Home / Berita / IKM UKM UMKM / 70 STAN MERIAHKAN KAMPUNG RAMADAN DESA DEPOK BATANG

Berita

70 Stan Meriahkan Kampung Ramadan Desa Depok Batang

Batang - Pemerintah Desa Depok, Kabupaten Batang, untuk pertama kalinya menggelar Gebyar Ramadan atau Kampung Ramadan di depan Masjid Jami An Nur Depok, Kabupaten Batang, Kamis (19/2/2026).

Batang - Pemerintah Desa Depok, Kabupaten Batang, untuk pertama kalinya menggelar Gebyar Ramadan atau Kampung Ramadan di depan Masjid Jami An Nur Depok, Kabupaten Batang, Kamis (19/2/2026).

Kepala Desa Depok Kaminoto mengatakan, kegiatan ini menjadi langkah awal desa dalam menghadirkan pusat kegiatan ekonomi dan kuliner selama bulan suci Ramadan.

“Ini pertama kali Desa Depok mengadakan Gebyar Ramadan atau Kampung Ramadan. Di desa lain sudah ada, tapi alhamdulillah tahun ini kami bisa mewujudkannya. Mudah-mudahan bisa berlanjut di tahun-tahun berikutnya,” jelasnya.

Menurut Kaminoto, berdasarkan data panitia dan Badan Usaha Milik Desa (BUMDes), terdapat sekitar 70 stan yang mendaftar, dengan 68 stan di antaranya sudah mulai menempati lokasi meski sebagian belum aktif karena faktor cuaca hujan.

“Kegiatan ini direncanakan berlangsung selama bulan Ramadan hingga menjelang akhir, yang oleh warga setempat biasa disebut sampai “Pasar Kembang”,” ungkapnya.

Ia berharap, keberadaan Kampung Ramadan dapat meningkatkan gairah jual beli masyarakat Desa Depok.

“Harapannya, tentu untuk meningkatkan perekonomian masyarakat. Dengan adanya kegiatan seperti ini, perputaran ekonomi di desa bisa lebih baik,” harapnya.

Kaminoto menegaskan seluruh stan tidak dipungut biaya. Pemerintah desa hanya menyediakan tempat dan menata los agar rapi serta nyaman bagi pedagang maupun pengunjung.

“Gratis, tidak dipungut biaya. Desa hanya menyediakan tempat agar tertata dengan baik,” tegasnya.

Sementara itu, Ketua PKK Desa Depok Rafika Hidayanti menyatakan, pihaknya mendukung penuh kegiatan tersebut. Menurutnya, momentum Ramadan dapat menjadi ajang bagi ibu-ibu untuk meningkatkan kreativitas dalam mengolah pangan.
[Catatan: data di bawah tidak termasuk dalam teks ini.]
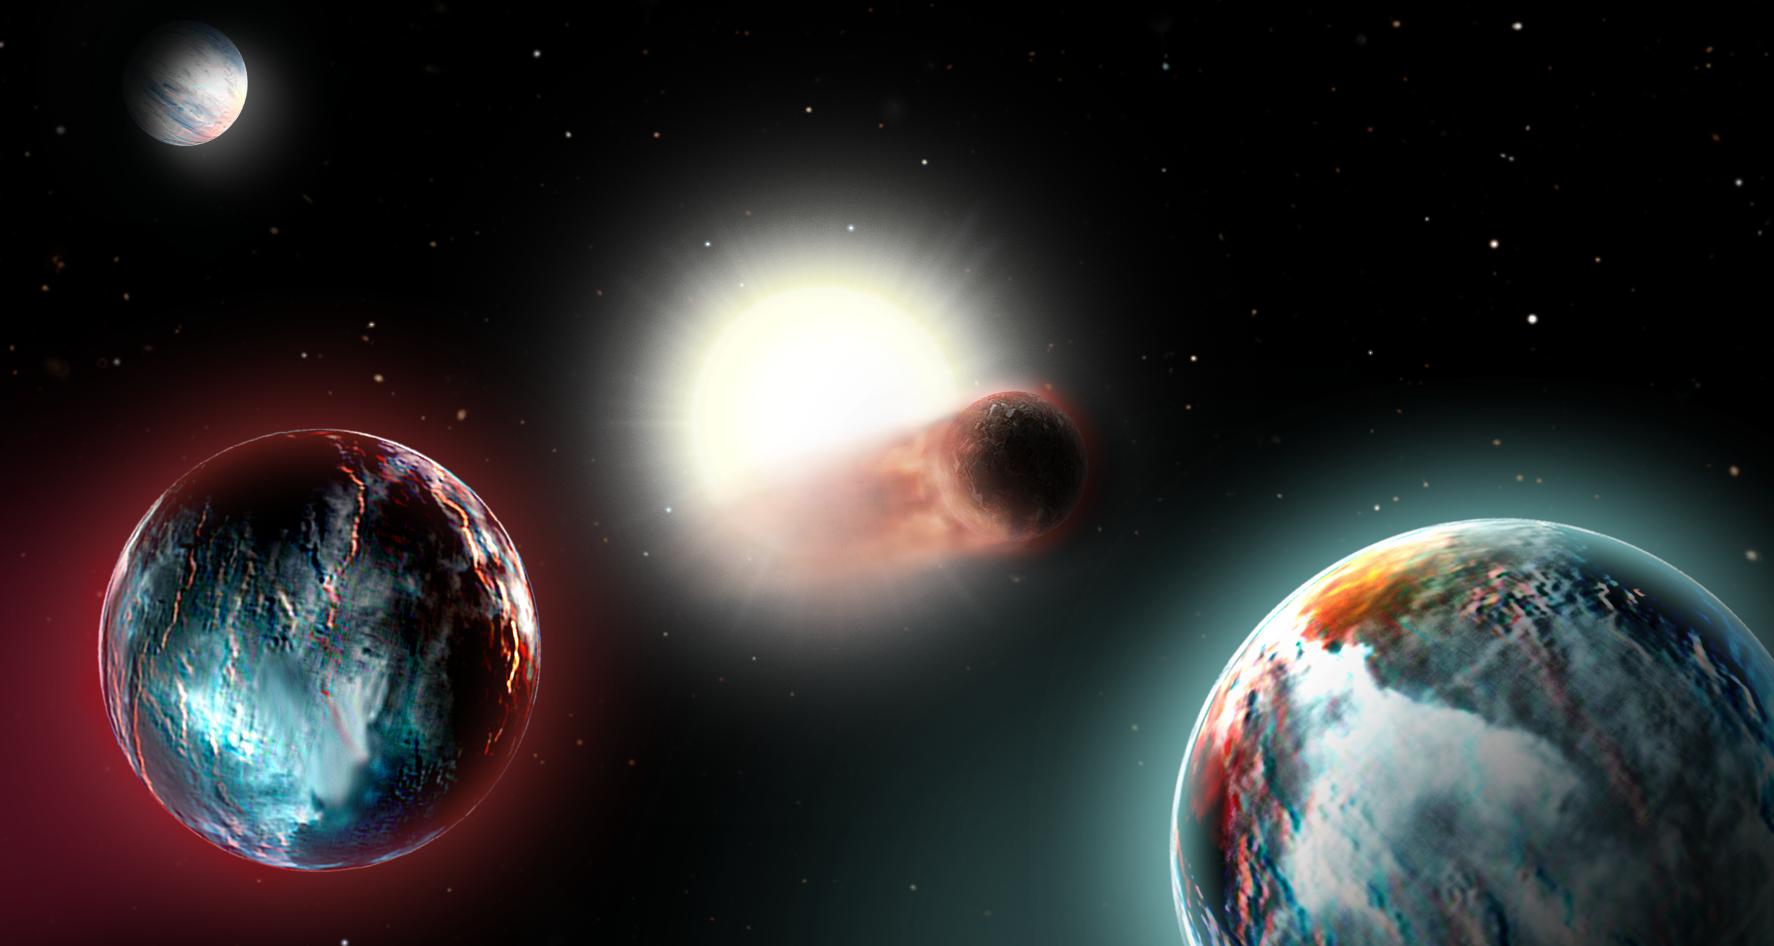 Червоточины. могут ли червоточины существовать? | наука для всех простыми словами

“Kami sangat mendukung karena sebagian besar yang dijual adalah kuliner. Harapannya ibu-ibu di Desa Depok bisa terus meningkatkan kualitas dan kreativitas olahan makanan untuk mendukung perekonomian masyarakat,” tuturnya.

PKK Desa Depok juga turut membuka dua stan, yakni stan jajanan tradisional atau pasar serta stan busana muslim.

Salah satu pengunjung, Andini mengaku senang dengan adanya Kampung Ramadan di desanya. Ia menilai keberadaan stan-stan takjil memudahkan warga untuk berbelanja tanpa harus keluar desa.

“Senang sekali, jadi kalau mau beli takjil tidak perlu jauh-jauh. Makanannya juga bervariasi, dari jajanan tradisional seperti lapis sampai yang modern seperti dimsum dan takoyaki,” ujar dia.

Ia berharap, kegiatan Kampung Ramadan dapat digelar setiap tahun sehingga menjadi agenda rutin Desa Depok selama bulan suci. (MC Batang, Jateng/Roza/Jumadi)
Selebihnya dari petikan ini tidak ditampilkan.